Je passe les détails mais toujours est-il que je vois mon Annabelle qui baisse spontanément et
lentement sa tête, puis qui se met en boule et s'enroule comme un escargot (exercice classique de
relaxation).Il se trouve que 3 jours auparavant j'avais fait la même chose dans une séance d'HTSMA
personnelle. Je note la coïncidence mais je n'en dis rien. Annabelle, adolescente très dans une
dynamique d'hypercontrôle, a-t-elle capté quelque chose en moi d'un travail effectué, spontanément
aussi, sur le lâcher prise? Elle émerge de cette transe hypnotique profonde. S'en suit un temps
d'échange, je lui parle de mon expérience personnelle récente, puis de la manière dont le fœtus
reçoit sa nourriture, du cordon ombilical etc. Elle me dit qu'elle pensait que le cordon servait
uniquement à retenir le bébé...

Elle est alors prise d'un mal de tête aussi intense que subit. Or lors de ma séance d'HTSMA
personnelle récente, j'avais visualisé mes angoisses sous la forme d'une boule dans ma main avant
de la lâcher. Je lui propose de donner une forme à son mal de tête, c'est une boule (évidemment
aurais-je pu dire). Je lui propose de venir mettre cette boule dans sa main, paume en appui dans la
mienne. L'accordage va se faire au niveau circulatoire. Elle ne sent pas sa main alors que je sens par
le contact intensément une de ses veines battre contre mon majeur, je le lui dis. Je fais silence et me
mets en position d'accueil de la suite du processus. C'est alors que j'entends mes acouphènes
pulsatiles (que j'ai de temps en temps), se synchroniser avec son rythme circulatoire. Je rappelle
qu'elle parvenait à se calmer en prenant son pouls... Je vois ensuite sa main qui penche sur le côté,
qui a un petit sursaut, comme si elle avait laissé tomber une boule. Elle ouvre les yeux, étonnée,
reprenant contact avec la réalité. Je lui demande ce qui s'est passé: la boule est tombée, et le mal de
tête a disparu ! Et elle est redevenue calme.
Je lui demande ce qu'elle va faire de différent. " Je vais raconter ça à ma mère et je vais le refaire
avec elle!".

Ici nous avons une aire de jeu permettant de faire se rencontrer à la fois les imaginaires et les corps,
Le réaccordage mère/enfant peut se jouer par l'intermédiaire de notre synchronisation. J'ai eu
l'impression de danser avec Annabelle: j'avançais d'un pas, elle d'un autre, etc. Travail à partir du
stress du bac grâce auquel nous sommes revenues au problème de départ, l'insécurité dans le lien
mère-fille. Belle symbolisation du travail sur l'attachement et la séparation, qui illustre bien une des
"devises" d’Éric BARDOT: "s'unir pour mieux se séparer, se séparer pour mieux s'unir".

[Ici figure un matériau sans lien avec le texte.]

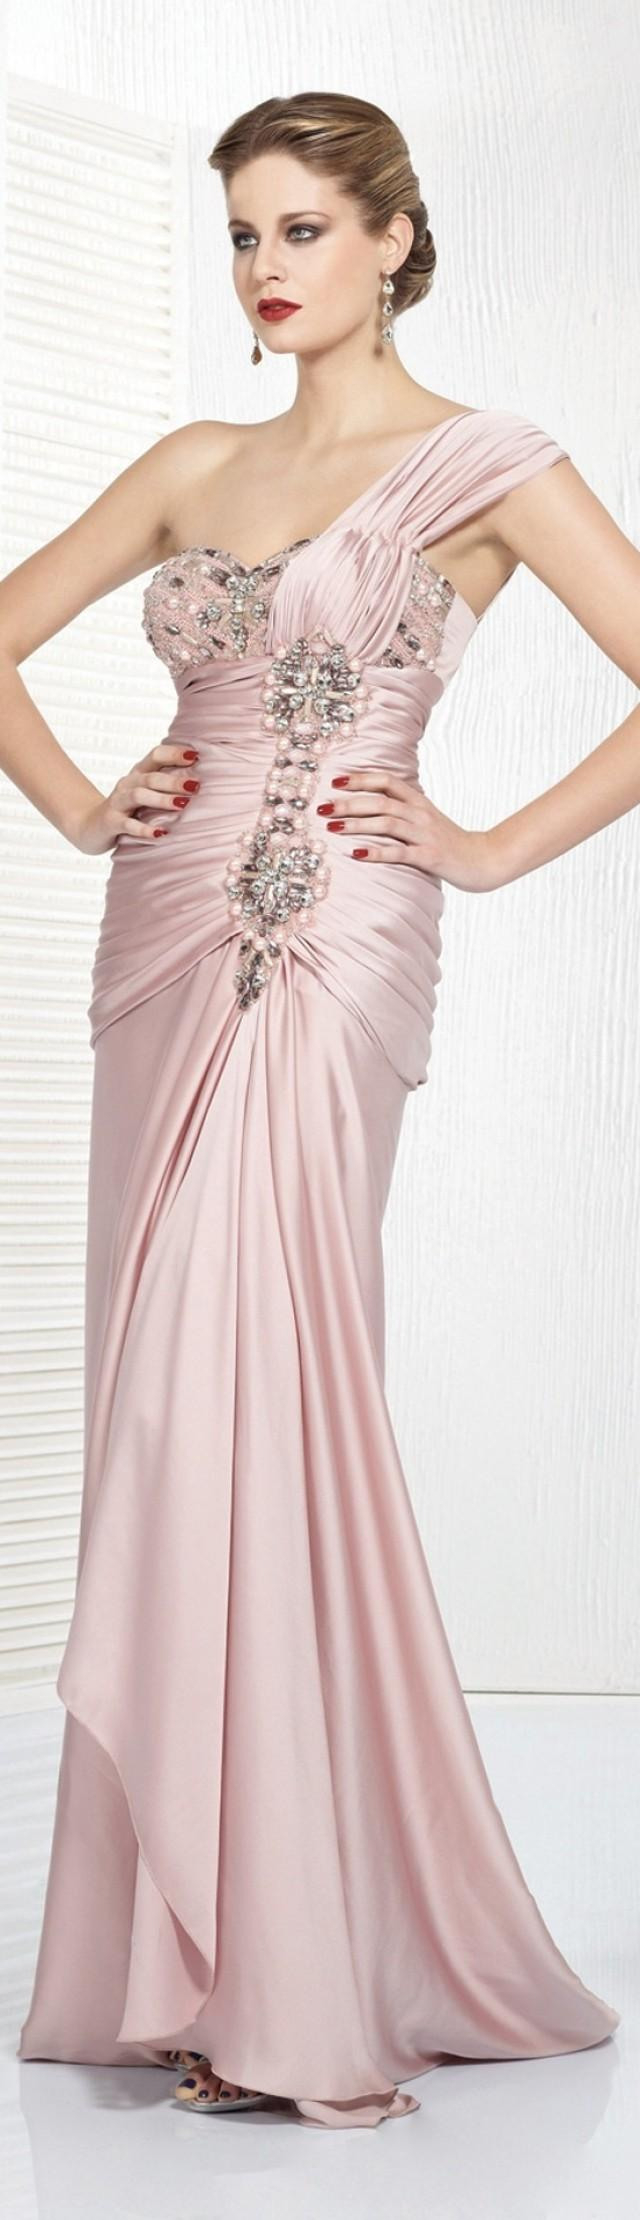 Pastell Hochzeit  Kleider  Pastellrosa 2089881

3. M. D. puis Mlle E., des effets en cascade?

Depuis quelque temps j'éprouve de manière répétée de l'angoisse sous la forme d'une boule dans le
ventre, de la taille d'une grosse boule de pétanque, c'est ma réaction corporelle du moment lorsque
j'aborde des problèmes personnels. Le sort que mon inconscient lui réserve est varié: je l'expulse en
me sentant naître (je suis alors la boule), l'angoisse disparaît en s'évaporant comme un nuage
fantomatique de mon ventre, ou quand on me place une belle boule en pierre dans les mains,
(externalisation?).
Je reçois une semaine après ce dernier épisode un couple (M. est suivi dans le cadre d'une
obligation de soins pour violences conjugales), puis une jeune femme aux antécédents de
maltraitance. Dans les 2 cas l'externalisation va s'effectuer sous des formes tout aussi ludiques.
17

Je propose à M. de travailler pour la première fois, en présence de sa femme, en hypnose, sans


d'ailleurs le lui mentionner, son énervement à son travail face à un responsable "qui le cherche". Le
chef devant lui sur l'écran, je l'invite à respirer en dirigeant sa colère vers "le lieu de sa haine", son
cœur. Il se sent s'endormir très rapidement, mais un mal de tête s'installe. Je lui demande la forme
qu'il prend, c'est une grosse pierre. Je l'invite à venir mettre cette pierre dans nos mains, en venant
observer ce qui va se passer, sa main devient très lourde puis légère. Il reste une petite pierre dans sa
main. C'est alors que je reviens sur le préalable que je lui avais proposé, afin de lui montrer les
effets d'un travail classique sur l'analgésie de la main, en soulignant l'aspect magique de nos
pouvoirs. M. est antillais, il associe tout de suite "d'ailleurs j'ai déjà vu un marabout pour un point
de côté quand je courais, il m'a fait mettre une pierre dans la main de l'autre côté et serrer le poing,
c'est parti". Je l'invite alors à aller au travail avec une pierre dans la poche, et à la serrer pour y faire
passer sa colère. Il me dit qu'il va essayer car il y croit !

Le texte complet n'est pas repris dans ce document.